Within the material below, transcribe exactly the lines from the one holding "Cool Pokemon Trainer" through the one holding "abstract multi-colored bubbles", keeping both ends and skipping the rest.

[Opening GIVEN ENTRIES section]

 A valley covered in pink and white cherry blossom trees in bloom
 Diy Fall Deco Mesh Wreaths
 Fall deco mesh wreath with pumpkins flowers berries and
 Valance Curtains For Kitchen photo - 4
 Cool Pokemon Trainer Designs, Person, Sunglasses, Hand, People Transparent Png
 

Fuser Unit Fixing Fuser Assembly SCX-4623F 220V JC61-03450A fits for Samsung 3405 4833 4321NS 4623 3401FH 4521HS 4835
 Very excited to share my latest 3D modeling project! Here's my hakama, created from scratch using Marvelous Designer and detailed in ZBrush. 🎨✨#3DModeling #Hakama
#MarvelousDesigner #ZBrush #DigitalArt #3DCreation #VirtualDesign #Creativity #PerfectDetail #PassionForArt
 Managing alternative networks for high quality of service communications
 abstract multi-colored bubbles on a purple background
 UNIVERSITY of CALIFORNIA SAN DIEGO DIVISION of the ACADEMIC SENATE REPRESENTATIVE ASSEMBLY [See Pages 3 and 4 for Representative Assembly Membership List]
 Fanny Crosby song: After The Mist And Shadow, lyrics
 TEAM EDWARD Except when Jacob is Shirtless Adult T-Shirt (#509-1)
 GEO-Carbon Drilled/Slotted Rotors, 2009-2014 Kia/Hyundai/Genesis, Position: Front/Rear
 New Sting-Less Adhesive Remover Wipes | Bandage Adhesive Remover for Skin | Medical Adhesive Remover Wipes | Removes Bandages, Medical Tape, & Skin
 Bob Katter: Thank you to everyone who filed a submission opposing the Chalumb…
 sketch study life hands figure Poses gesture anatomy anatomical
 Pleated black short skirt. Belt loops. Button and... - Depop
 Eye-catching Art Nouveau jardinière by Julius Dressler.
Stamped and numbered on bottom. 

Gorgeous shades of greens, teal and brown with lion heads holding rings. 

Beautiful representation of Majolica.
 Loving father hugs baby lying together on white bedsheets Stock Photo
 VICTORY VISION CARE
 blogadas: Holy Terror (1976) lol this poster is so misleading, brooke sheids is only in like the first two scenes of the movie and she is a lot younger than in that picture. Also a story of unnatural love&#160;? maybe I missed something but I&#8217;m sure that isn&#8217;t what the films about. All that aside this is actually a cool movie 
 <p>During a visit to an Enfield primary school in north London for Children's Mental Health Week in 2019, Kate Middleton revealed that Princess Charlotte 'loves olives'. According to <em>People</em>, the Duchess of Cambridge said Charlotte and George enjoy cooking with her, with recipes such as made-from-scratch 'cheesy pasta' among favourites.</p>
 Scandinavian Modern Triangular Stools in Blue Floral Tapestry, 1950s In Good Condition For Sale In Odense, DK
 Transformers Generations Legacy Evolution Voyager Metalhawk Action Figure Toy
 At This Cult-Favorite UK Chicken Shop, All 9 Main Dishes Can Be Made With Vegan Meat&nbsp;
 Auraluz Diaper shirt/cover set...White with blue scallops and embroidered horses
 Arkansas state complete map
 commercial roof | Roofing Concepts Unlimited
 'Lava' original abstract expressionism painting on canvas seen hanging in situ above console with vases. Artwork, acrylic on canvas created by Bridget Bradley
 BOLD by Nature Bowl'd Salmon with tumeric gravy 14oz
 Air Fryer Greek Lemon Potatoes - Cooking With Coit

[Closing GIVEN ENTRIES section]

> **ANSWER SPACE**:
 Cool Pokemon Trainer Designs, Person, Sunglasses, Hand, People Transparent Png
 

Fuser Unit Fixing Fuser Assembly SCX-4623F 220V JC61-03450A fits for Samsung 3405 4833 4321NS 4623 3401FH 4521HS 4835
 Very excited to share my latest 3D modeling project! Here's my hakama, created from scratch using Marvelous Designer and detailed in ZBrush. 🎨✨#3DModeling #Hakama
#MarvelousDesigner #ZBrush #DigitalArt #3DCreation #VirtualDesign #Creativity #PerfectDetail #PassionForArt
 Managing alternative networks for high quality of service communications
 abstract multi-colored bubbles on a purple background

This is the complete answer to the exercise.